AZIC Education

Frequent Restarts — Troubleshooting Guide

Diagnose and fix ASIC miners that keep rebooting. Covers over-temperature shutdowns, PSU overload, watchdog resets, hashboard shorts, and control board failures across Antminer, Whatsminer, and Avalon.

Overview

A miner that continuously reboots is losing 100% of its potential hashrate during each restart cycle. Depending on the model, a full boot cycle takes 2–8 minutes, and if the miner restarts every 5–15 minutes, the effective uptime (and revenue) can drop to 50% or less.

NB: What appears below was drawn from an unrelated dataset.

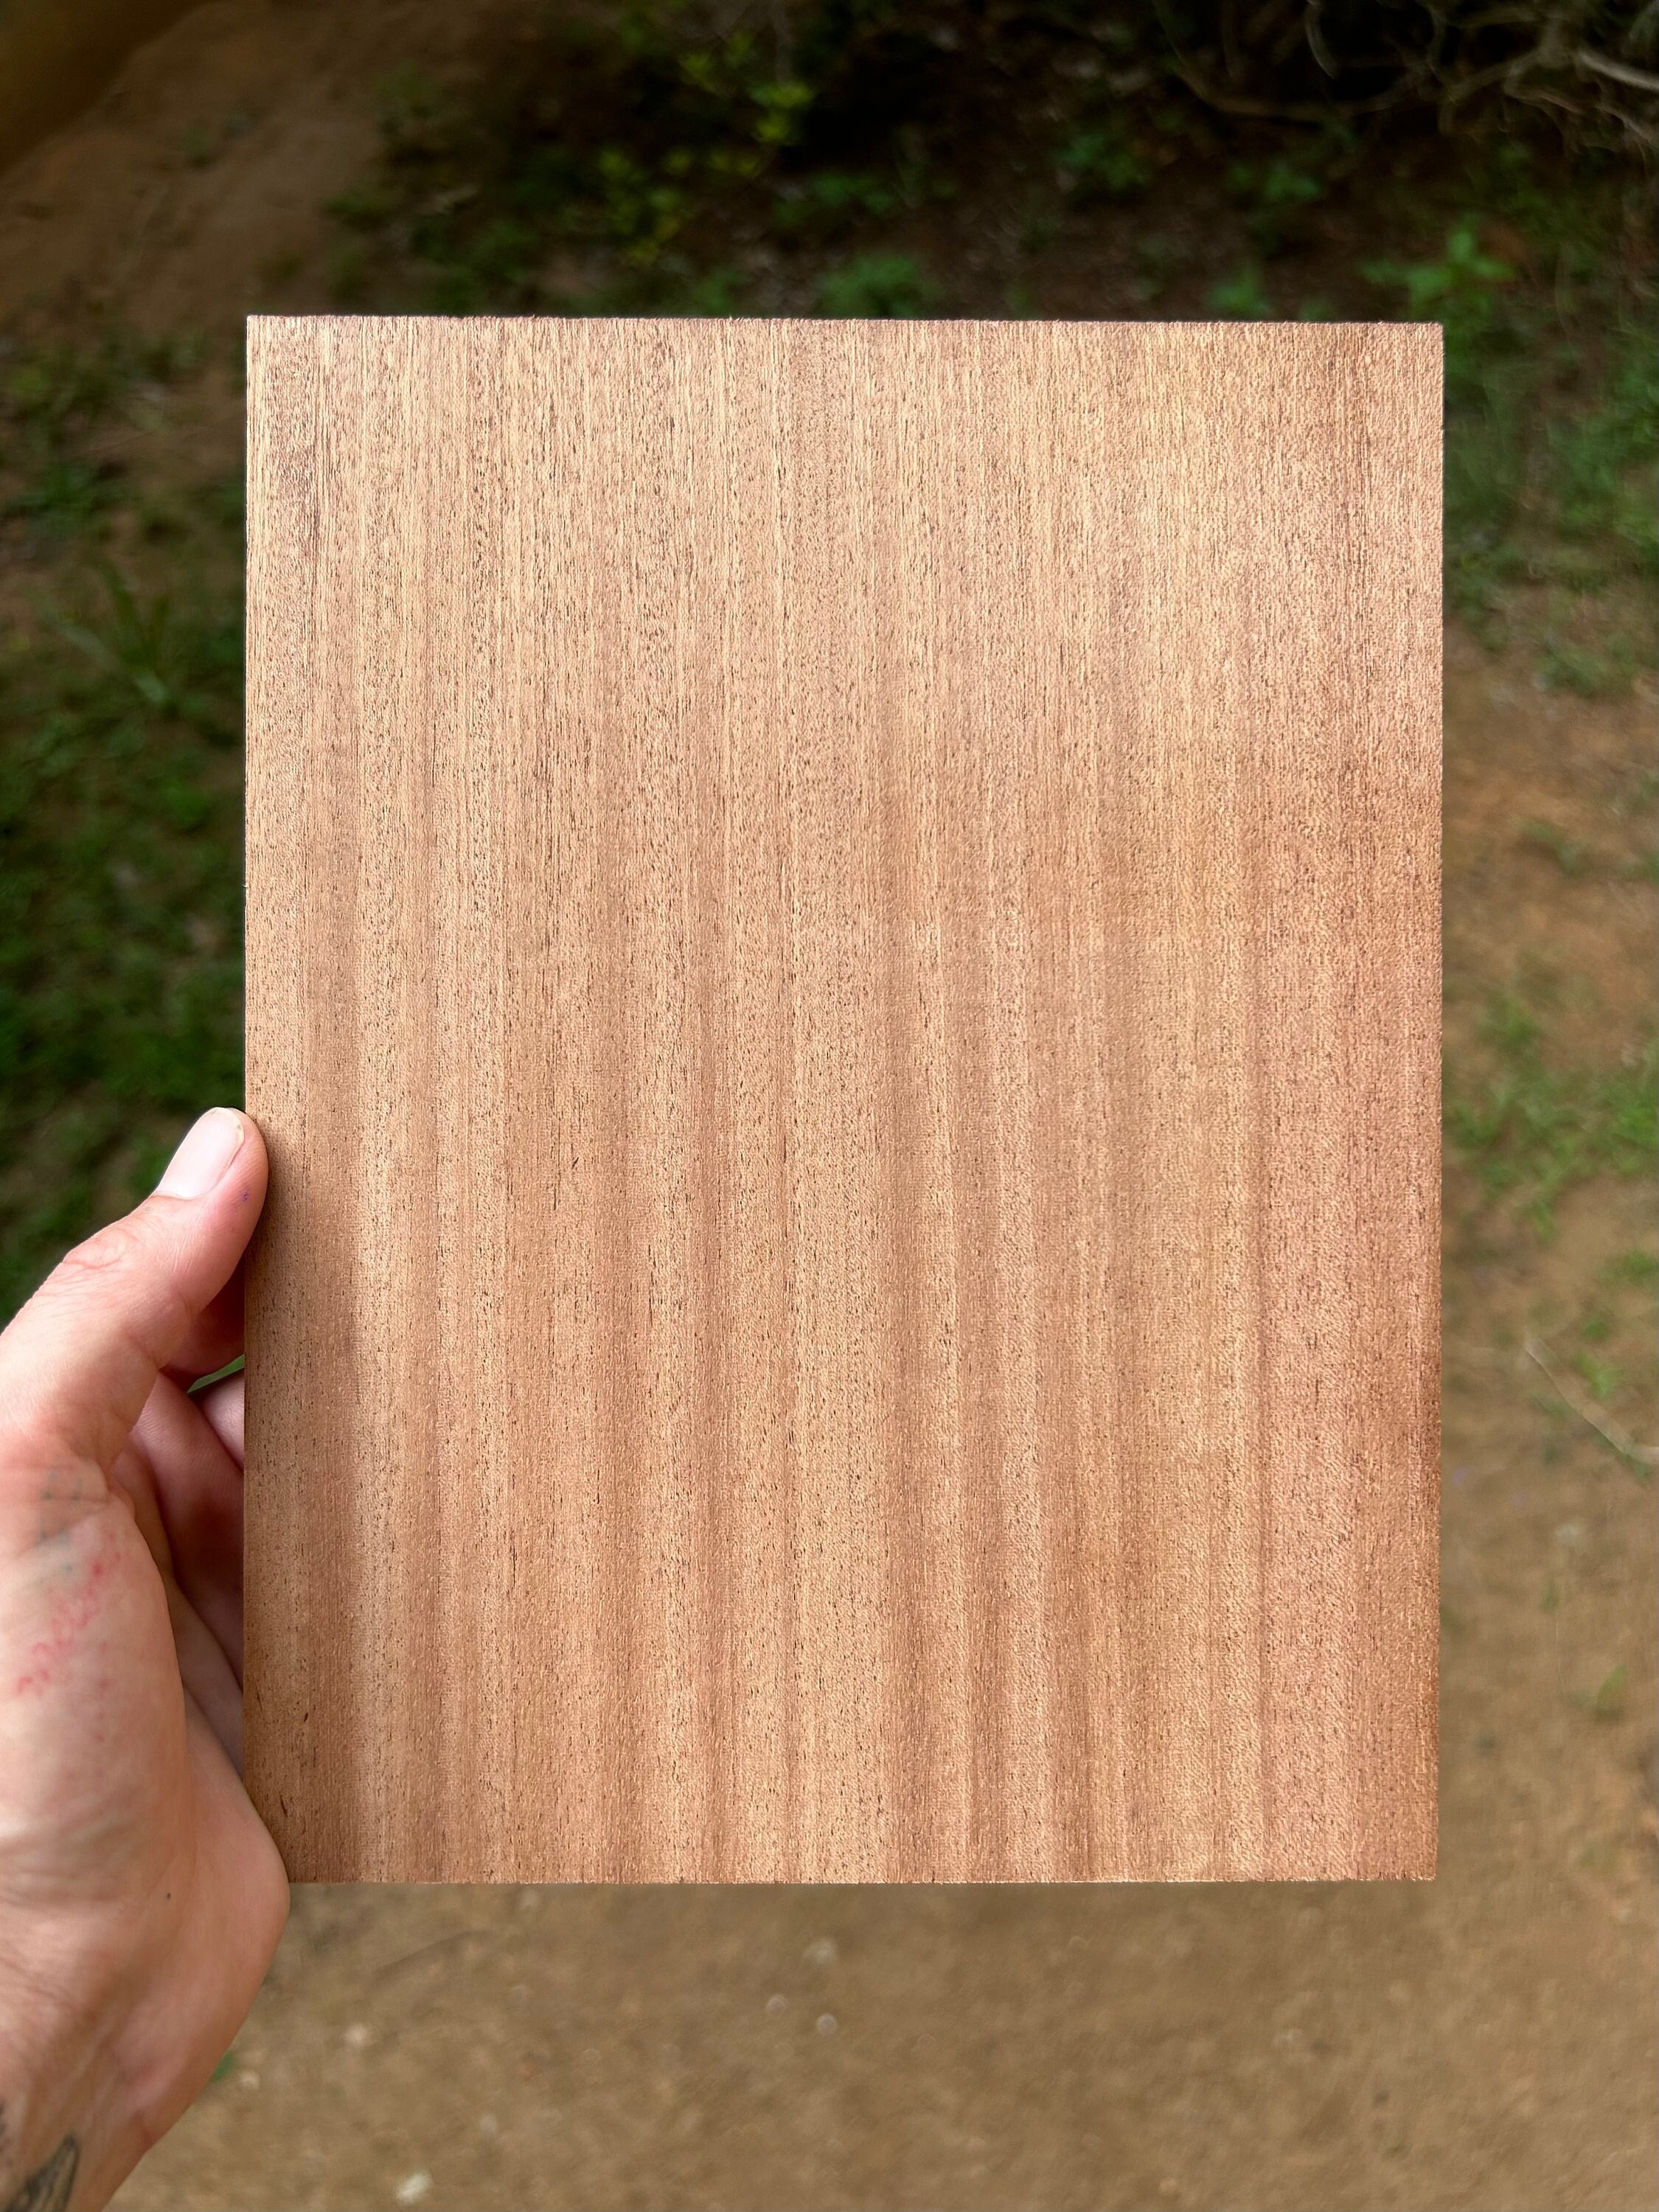 Paneles de madera sin terminar para pintar, cuadrados de madera en blanco  para manualidades, vertido artístico (11 x 14 pulgadas, paquete de 4)

Frequent restarts are always a symptom of an underlying protection mechanism triggering: over-temperature, overcurrent, watchdog timeout, or a hardware fault causing the control board to crash. Identifying which protection mechanism is responsible is the key to a fast resolution.

Symptoms

  • Miner reboots every few minutes — uptime counter in the web UI never exceeds a consistent threshold
  • Periodic hashrate drops to zero on the pool dashboard, followed by recovery
  • Fans spin up, then everything powers off and restarts — the classic PSU overcurrent protection trip
  • Web UI becomes unreachable periodically — the control board is rebooting
  • LED indicators cycle through boot sequence repeatedly
  • Antminer: Red LED blinks, then green, then red again in a loop
  • Whatsminer: Status LED cycles through startup pattern, or "heartbeat" LED stops and restarts
  • Avalon: AUC disconnects and reconnects in the management software

Quick Checks

Check PSU Capacity

Verify the PSU is rated for the miner's power consumption with at least 10% headroom:

MinerPower DrawMinimum PSU
S19 Pro3,250W3,600W
S19 XP3,010W3,300W
S213,500W3,850W
M30S++3,472W3,800W
M50S3,276W3,600W
M60S3,600W4,000W
A13663,250W3,600W
A14663,100W3,400W

If you are using a third-party or used PSU, its actual capacity may be less than its rating. PSUs degrade over time, especially in dusty or hot environments.

Check Ambient Temperature

If ambient temperature exceeds 40°C, the miner may be hitting its thermal shutdown threshold and rebooting. Check the chip temperature history — if it reaches the maximum (typically 85–95°C depending on model) right before each restart, temperature is the cause.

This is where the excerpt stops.